* _BRIEF_: The answer should consist of the full listing below, repeated exactly and free of pictures.

COLLECTED MATERIAL below:

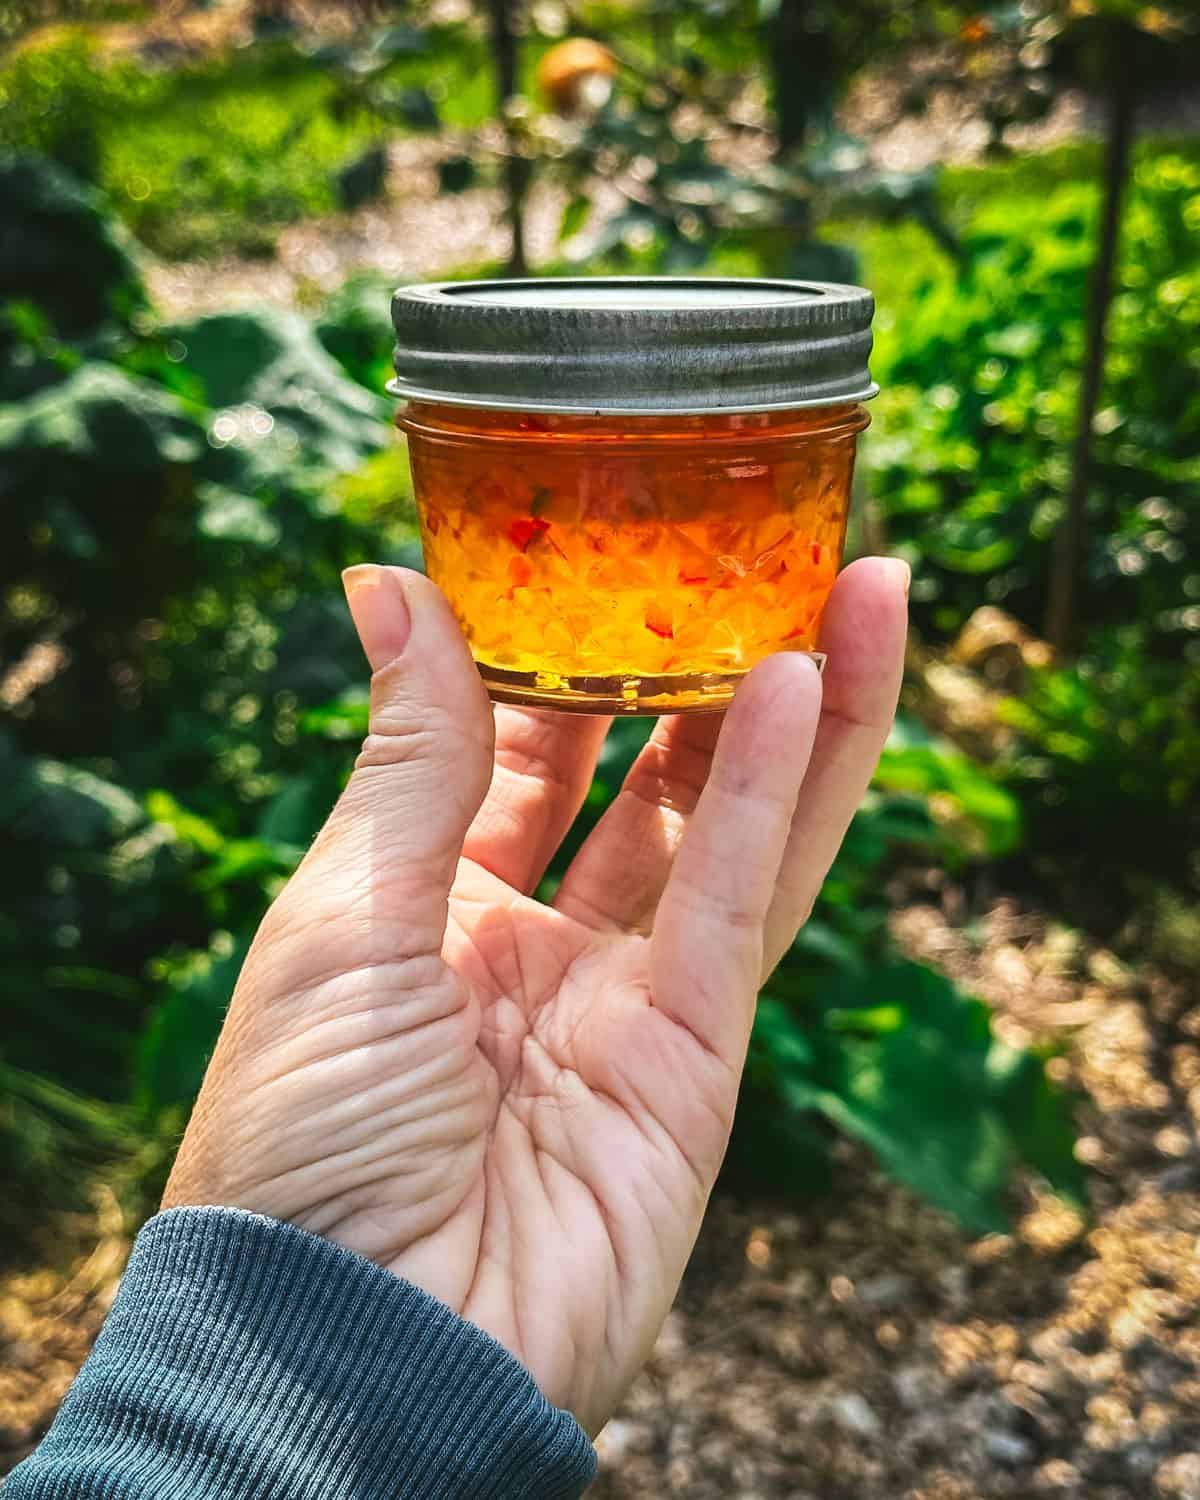 A jar of pepper jelly being held up by a hand outside with greenery in the background. 
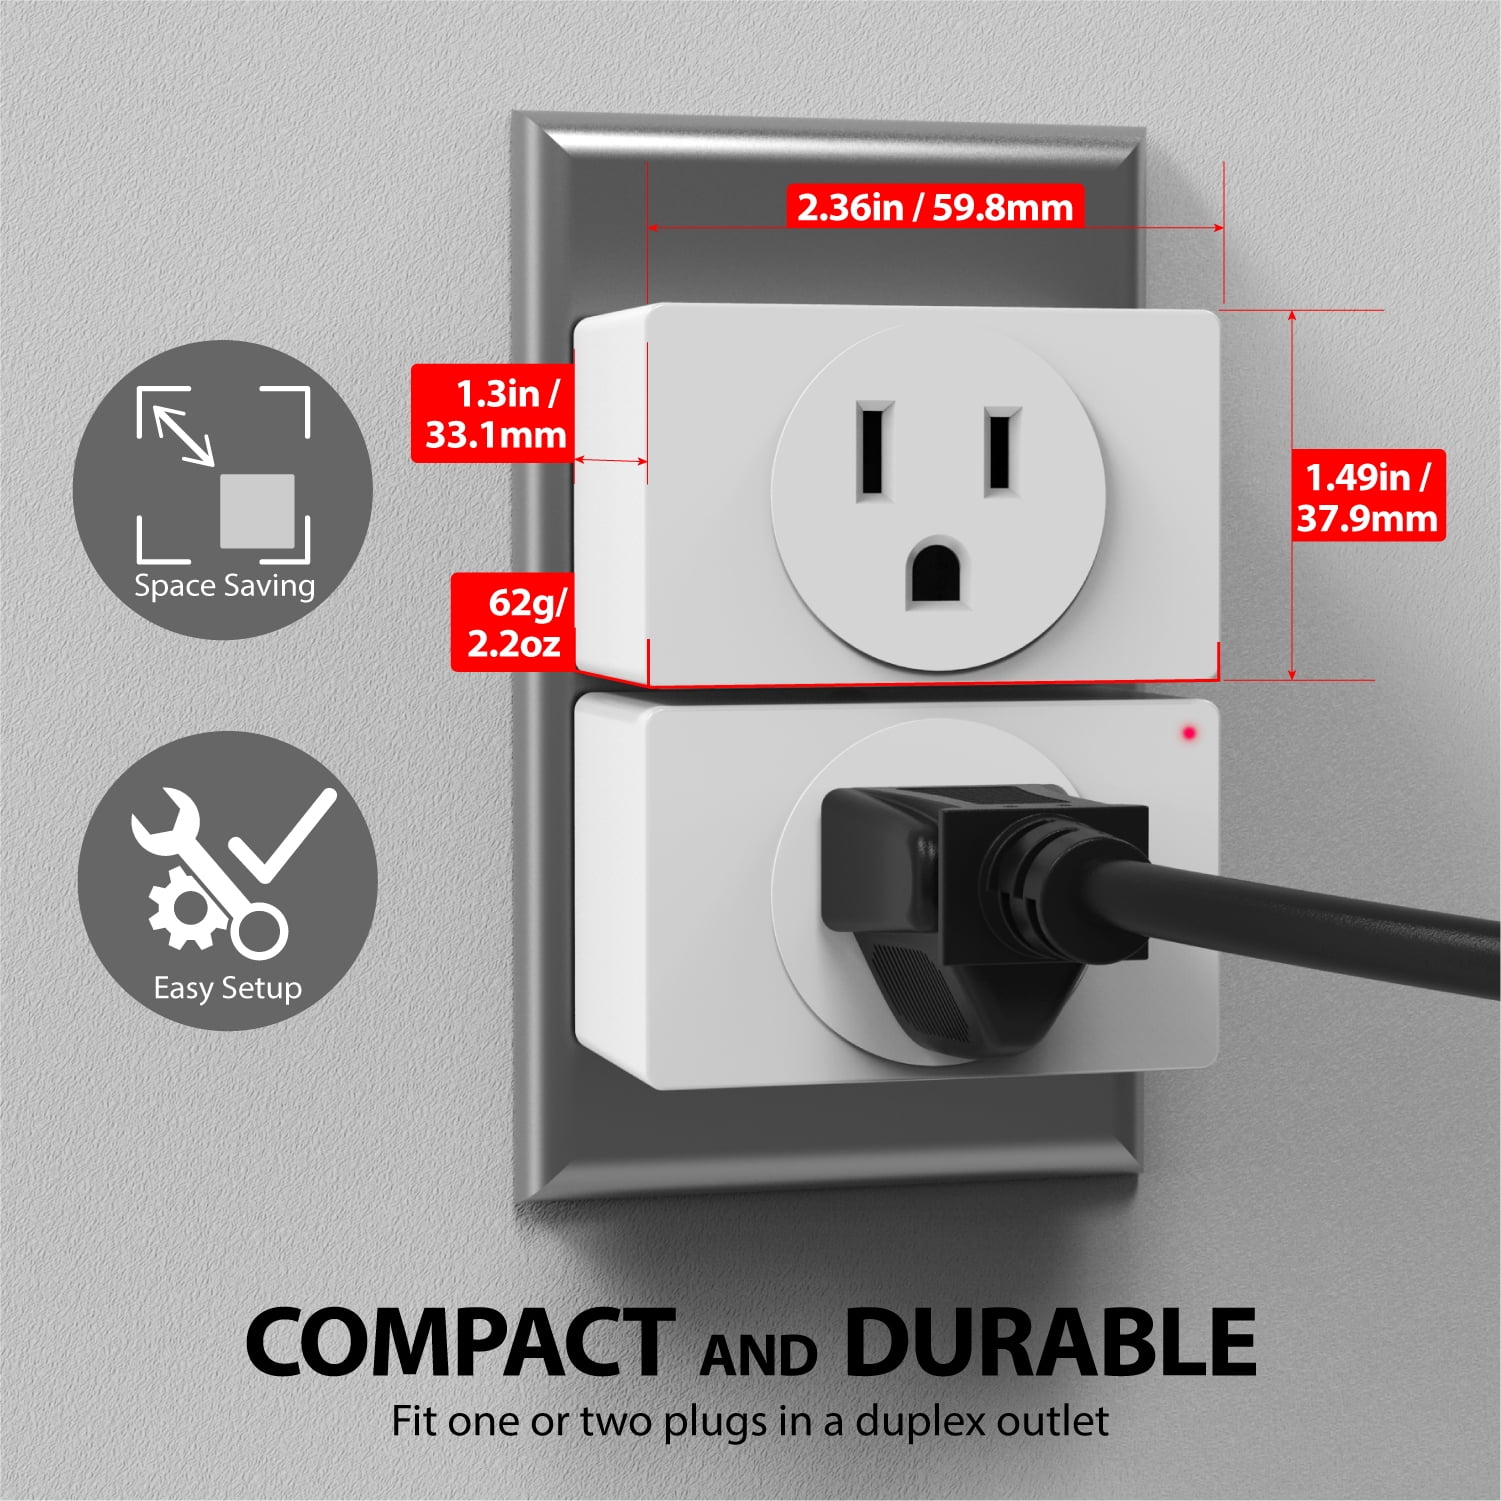 Fosmon Wireless Remote Control Outdoor Electrical Outlet Switch  Weatherproof Heavy Duty 3-Prong Plug-in ETL Listed (Battery Included),  Black - 2 Packs 
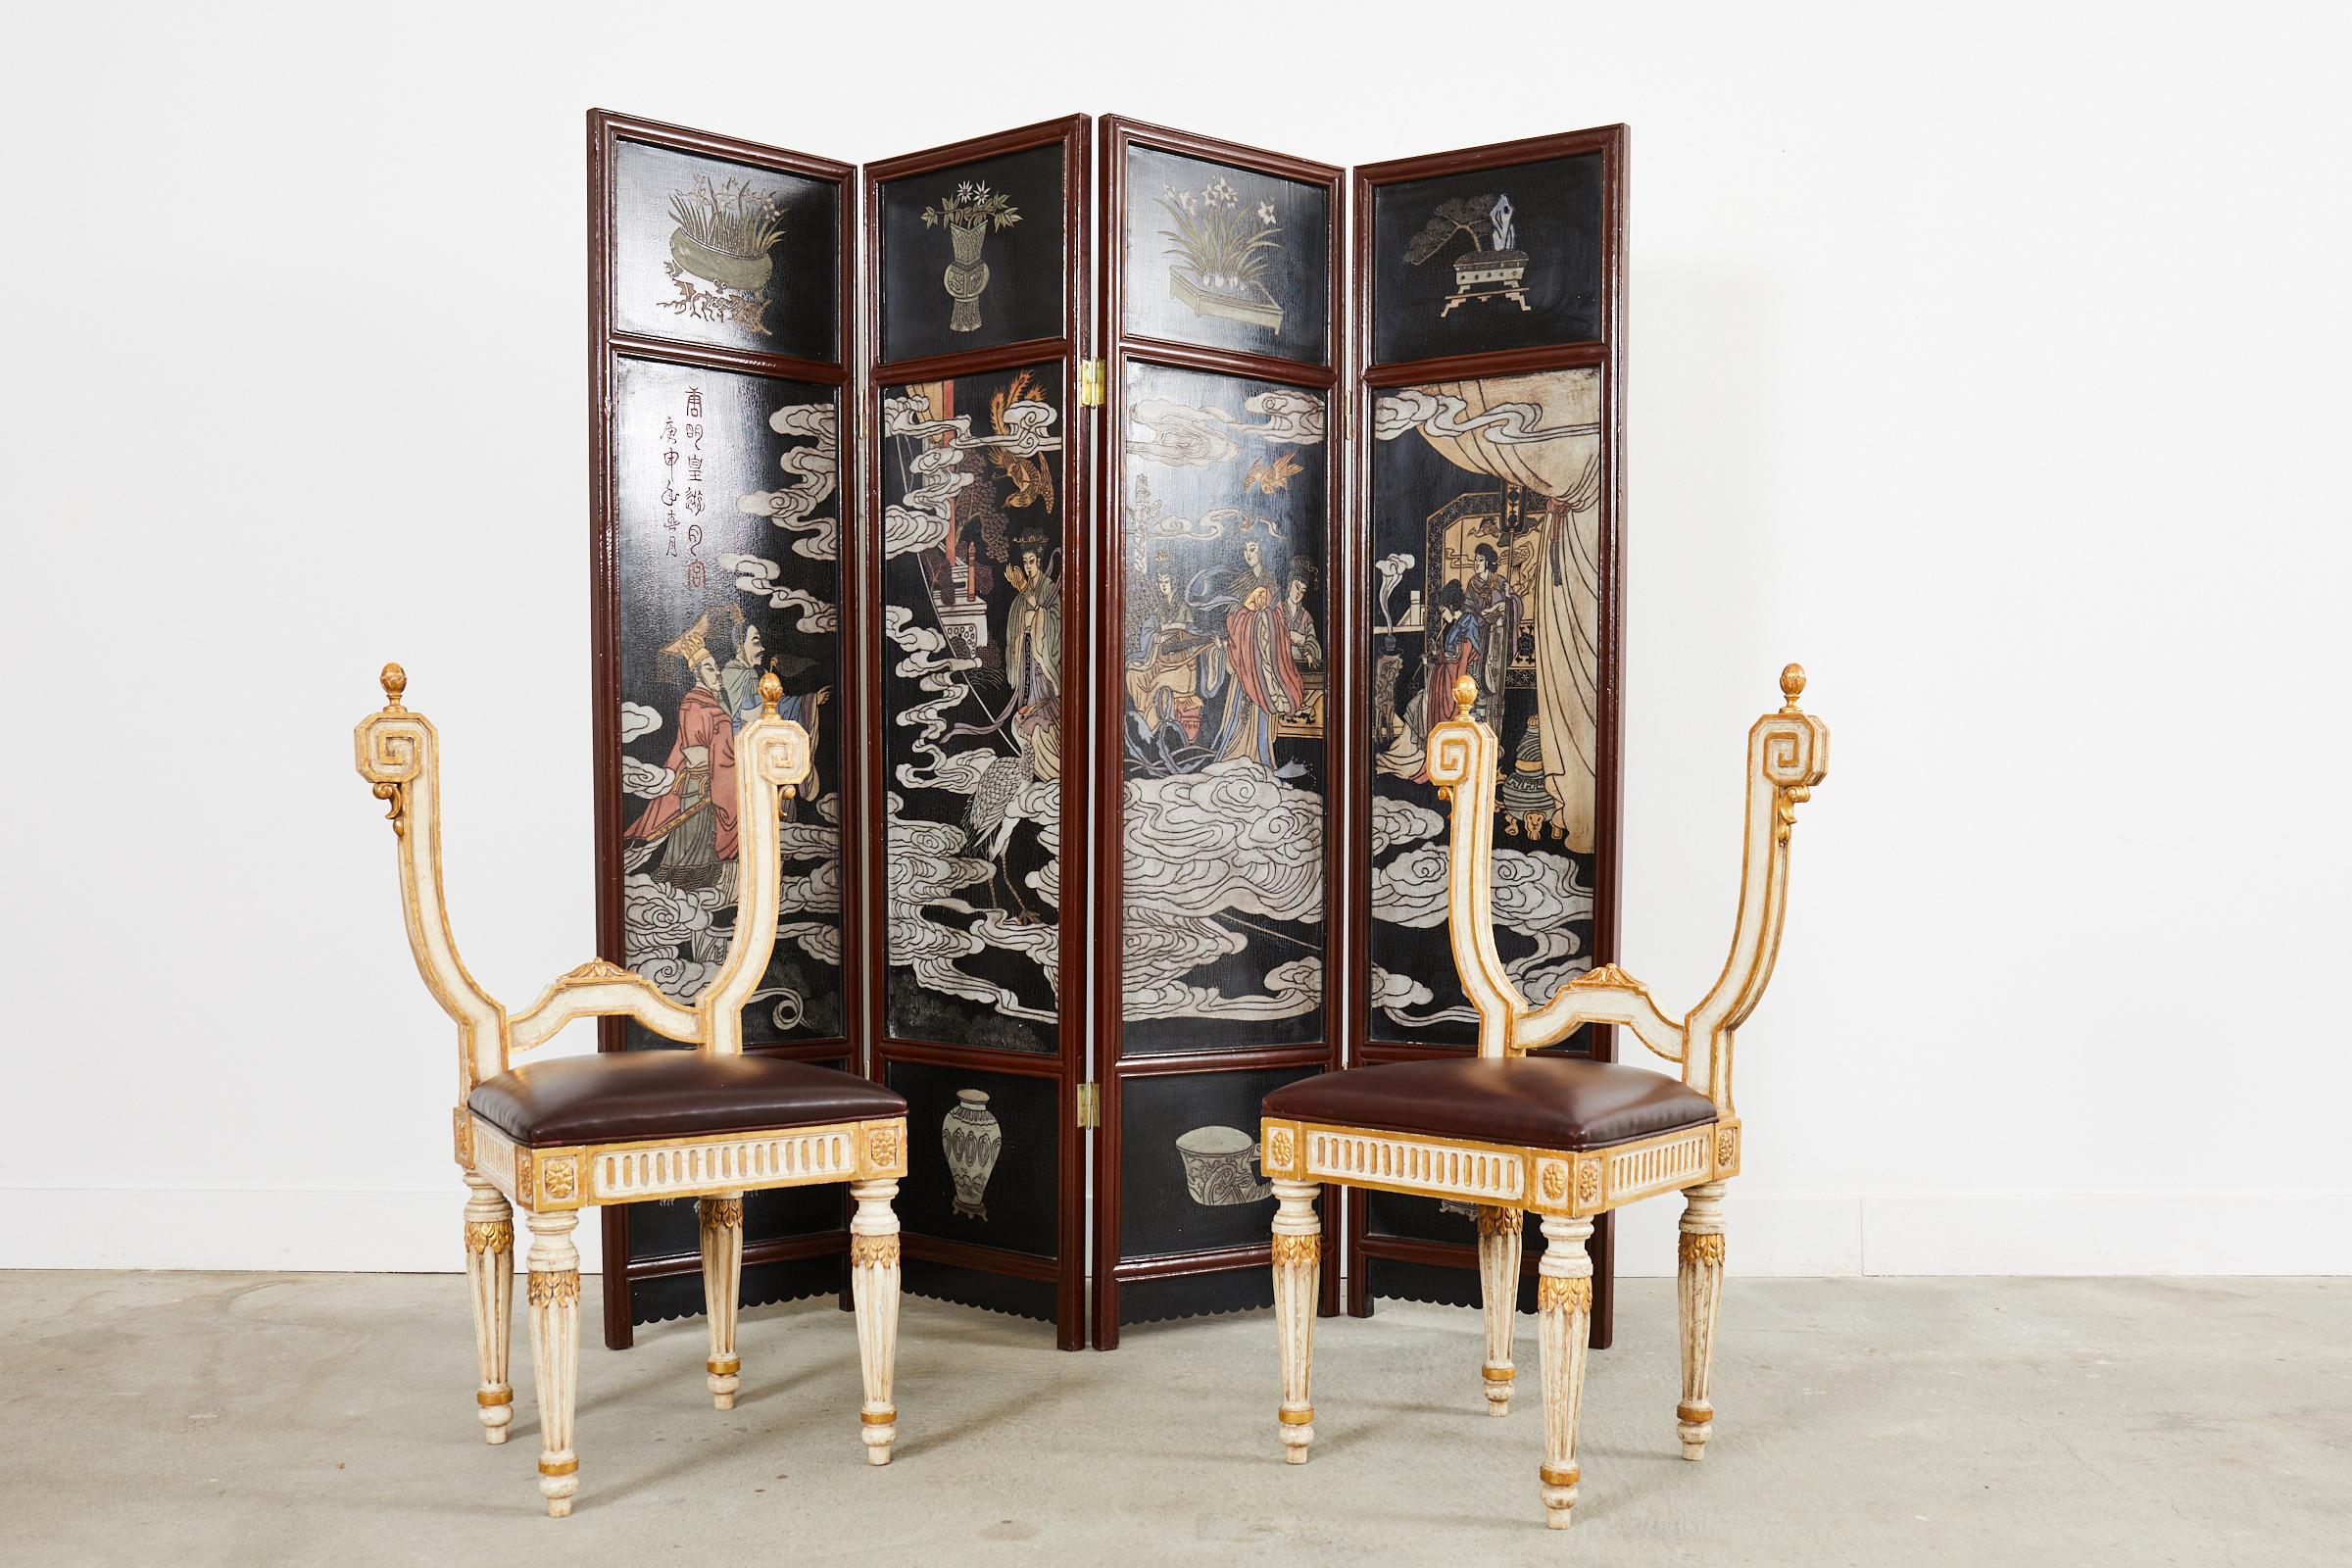 Opulent pair of Italian hall chairs made in the neoclassical style. The chairs feature a backless design having decorative molded raised arms ending with large greek keys topped with finials. The frames have an intentionally aged, distressed lacquer
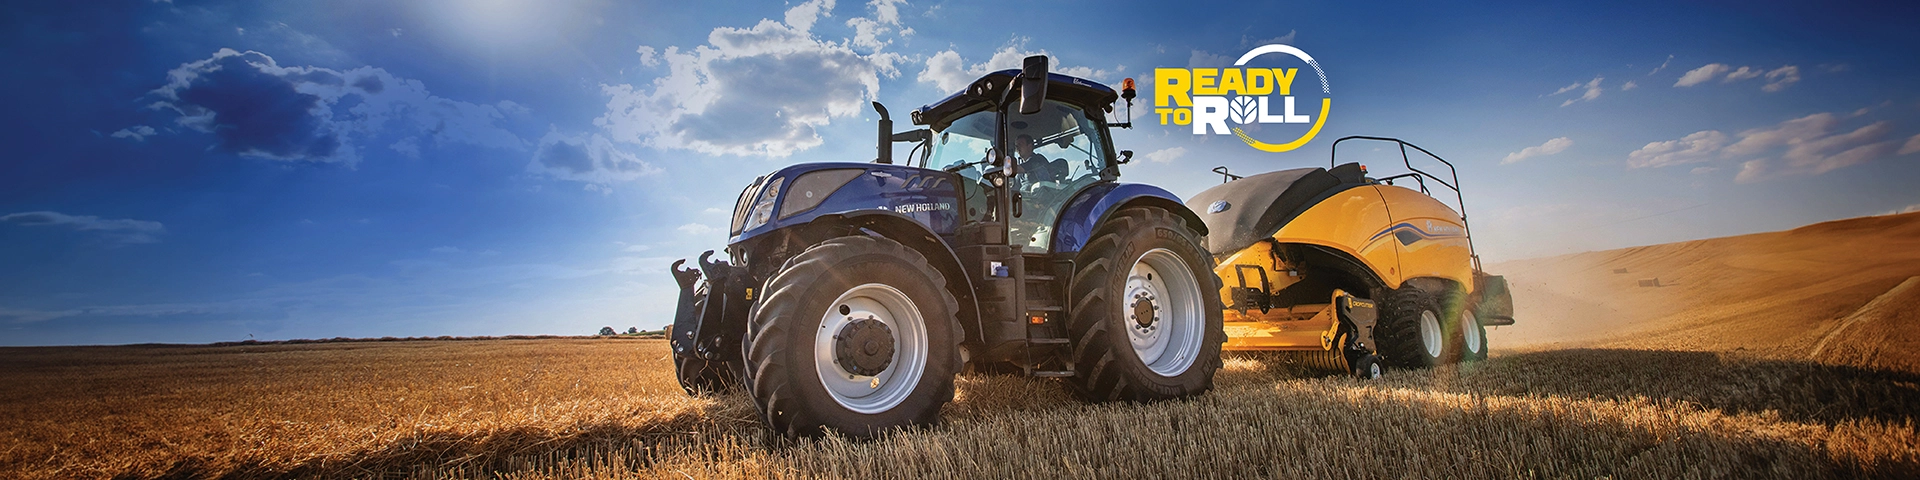 Ready to Roll - Offers and Promotions on New Holland Equipment

End of COLLECTED MATERIAL.

* _TASK OUTPUT_:
 A jar of pepper jelly being held up by a hand outside with greenery in the background. 
 Fosmon Wireless Remote Control Outdoor Electrical Outlet Switch  Weatherproof Heavy Duty 3-Prong Plug-in ETL Listed (Battery Included),  Black - 2 Packs 
 Opulent pair of Italian hall chairs made in the neoclassical style. The chairs feature a backless design having decorative molded raised arms ending with large greek keys topped with finials. The frames have an intentionally aged, distressed lacquer
 Ready to Roll - Offers and Promotions on New Holland Equipment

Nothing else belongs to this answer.